Türkiye'de gazeteciliğe geçmişten bu günümüze kadar gerekli değerin verildiğini düşünmeyen 25 yaşındaki İrem, “Okulunu okuyup sonrasında birkaç sene bu mesleği yüksek bir tutkuyla yapmış olan benim bile ümidim tamamen bitti. Okullarda gazetecilik bölümü okuyup şu an çok farklı işlerle meşgul olan çok fazla arkadaşım var. Her gün bir tanesiyle aynada karşı karşıya kalıyorum canımı çok sıkıyor bu mevzu, bizim dönemimizde o sınıftan çıkabilecek Uğur Mumcular, Aziz Nesinler vardı… Şimdi kimisi sanayide, kimisi bir mağazada tezgahtar, kimisi de biraz şanslıysa iletişim yönlerini kullanıp müşteri temsilcisi olmuş durumda” dedi.

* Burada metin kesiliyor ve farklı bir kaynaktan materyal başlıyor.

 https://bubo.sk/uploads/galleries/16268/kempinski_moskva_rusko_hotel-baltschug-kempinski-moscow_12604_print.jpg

Mesleğinin ilk yıllarında dönemin en iyi yerel gazetelerinden birinde muhabirlik yaptığını belirten İrem, “Küçük şehirdeyseniz ve yereldeyseniz rekabet çok fazla oluyor. Erkek muhabir arkadaşlarımız tarafından önüme tripod kurulup haberimin suistimal edildiği de oldu. ‘Süsü püsü var, bu mu koşacak haber peşinde?​’ diye ön yargılı davranıldığı da. Ama yaptığım haberlerle manşetlerle cevap vermek benim için tatmin edici oluyordu” dedi.

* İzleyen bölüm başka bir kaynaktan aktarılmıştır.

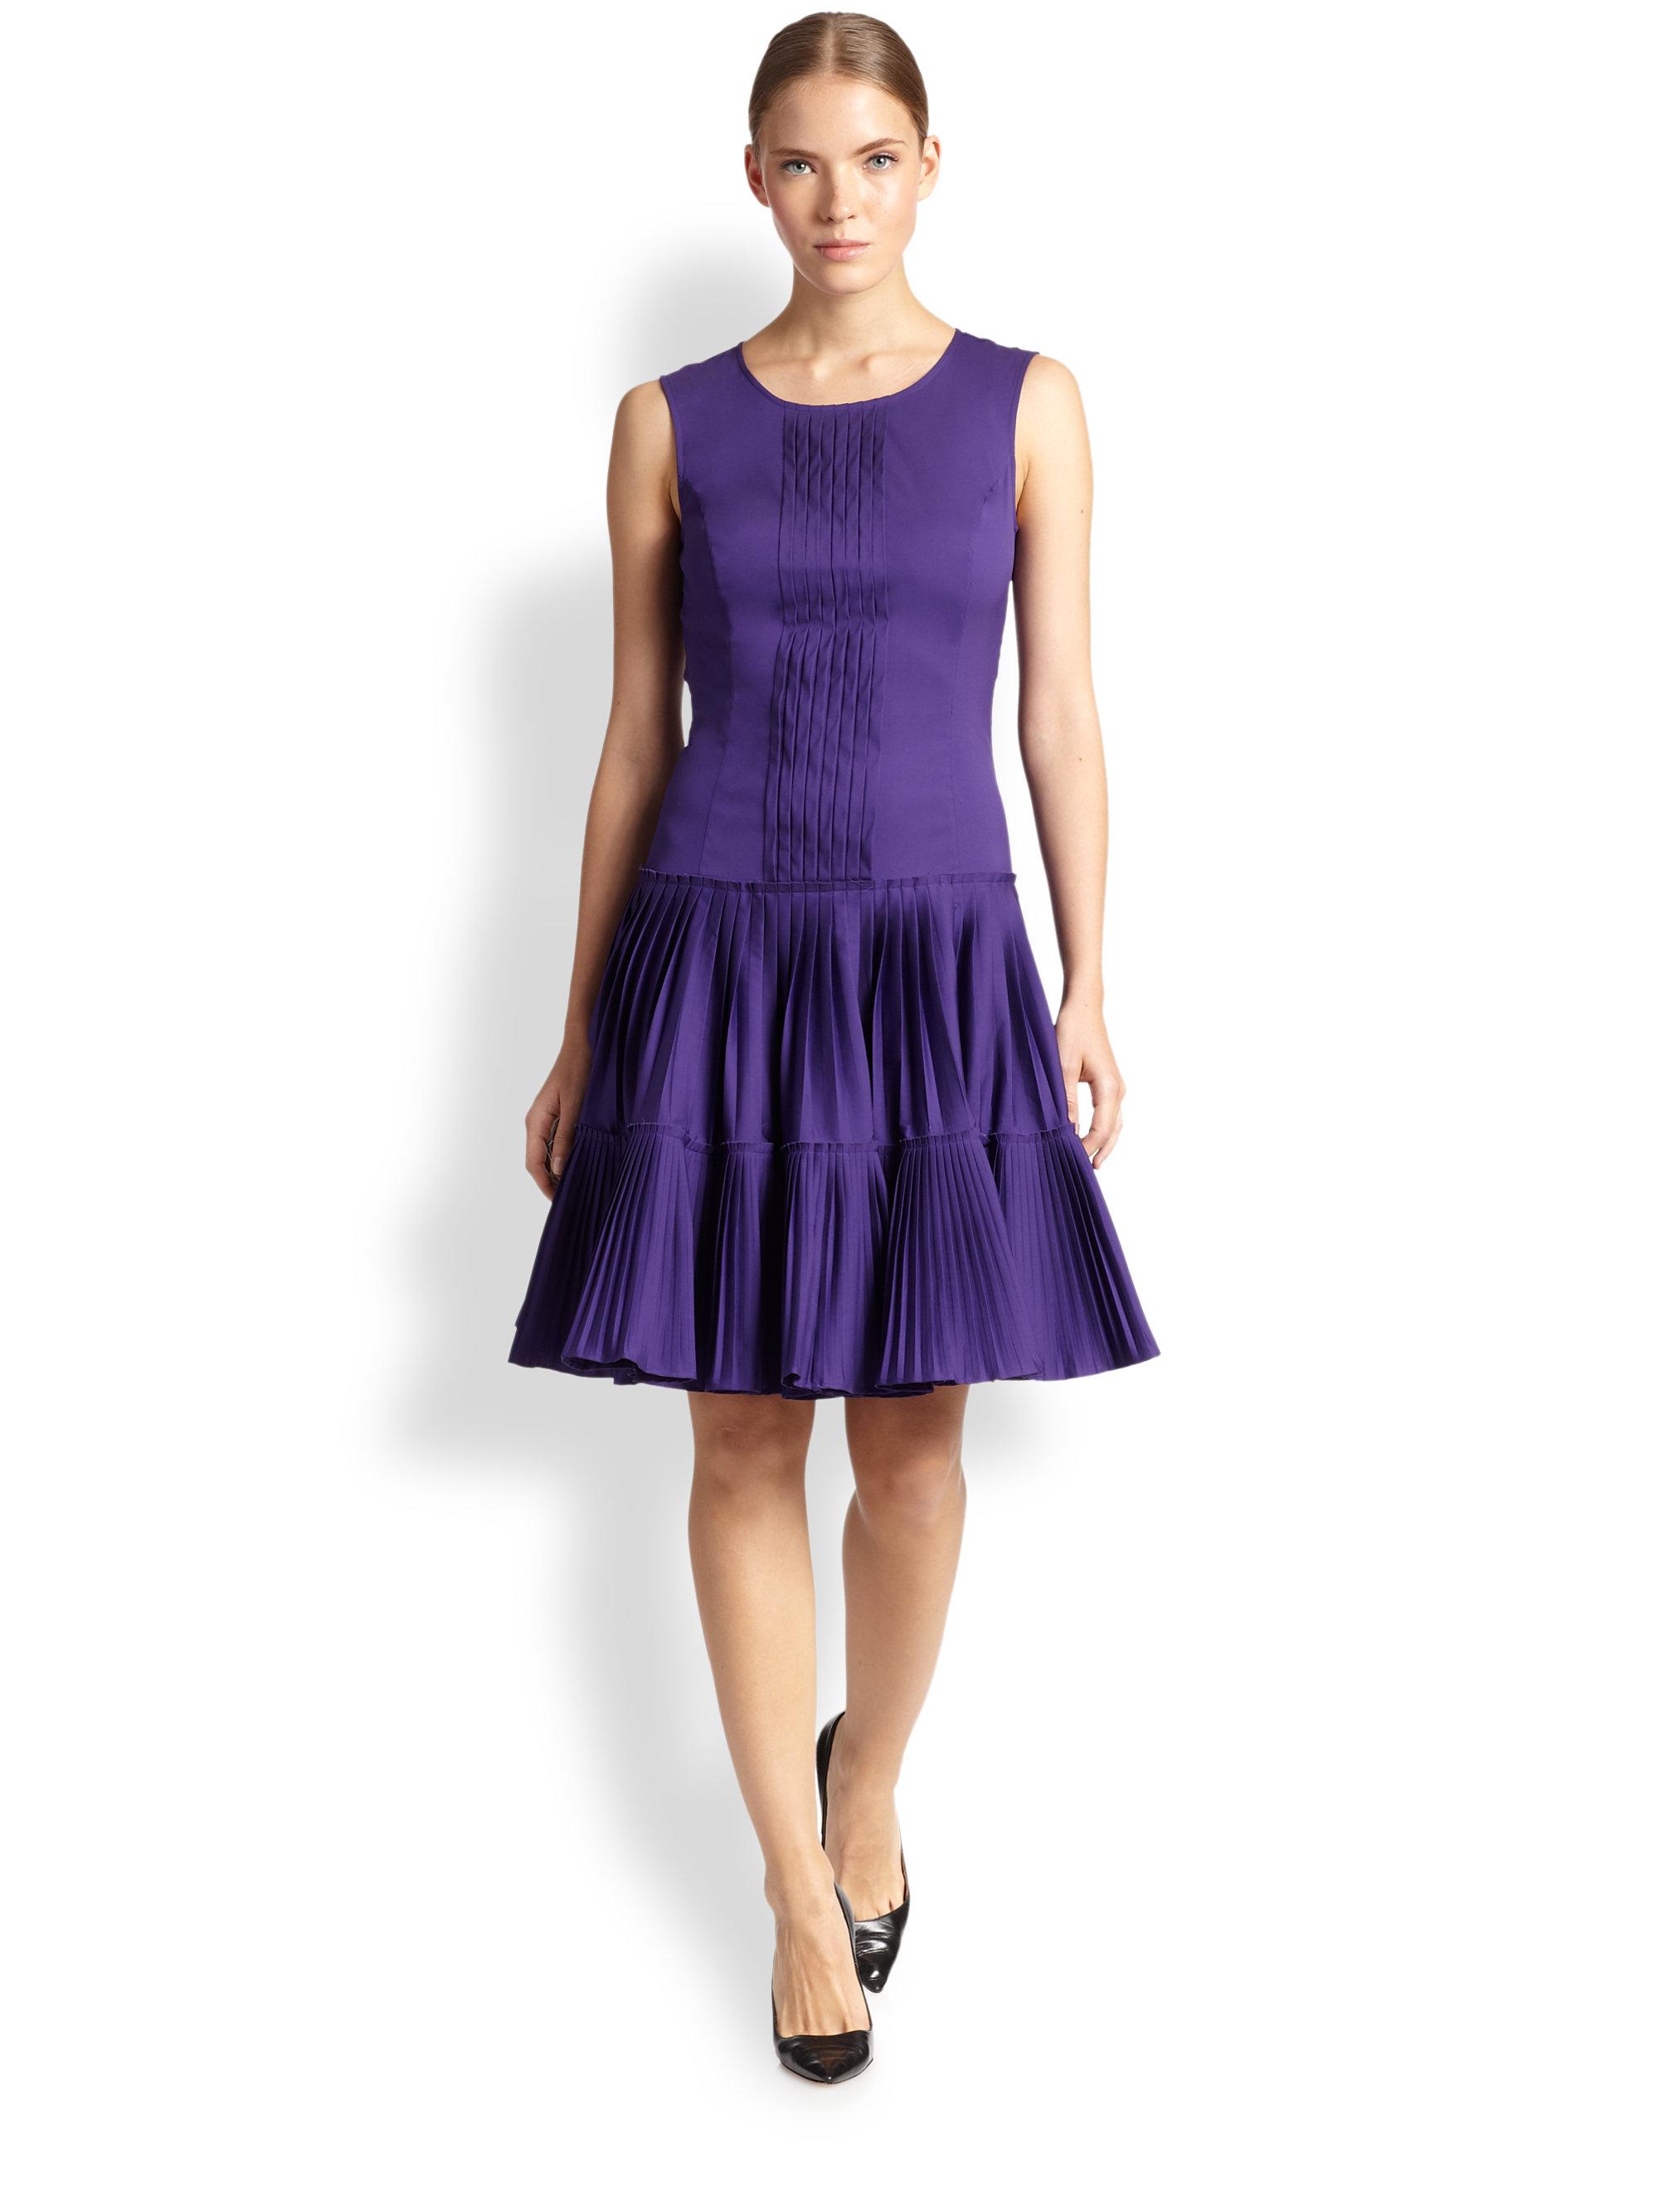 Hermosa Oscar De La Renta Cocktail Dresses Ideas Ornamento ...

İrem, “Ne kadar ekmek o kadar köfte dedikleri bu memlekette mevzu ekmeği de sen vereceksin, işi de sen yapacaksın. Altın tepside bana bir şeyler sunulmasını beklemiyorum. Fakat eskiler artık eskidiklerini kabul edip bizlere yol açmalılar” diye konuştu.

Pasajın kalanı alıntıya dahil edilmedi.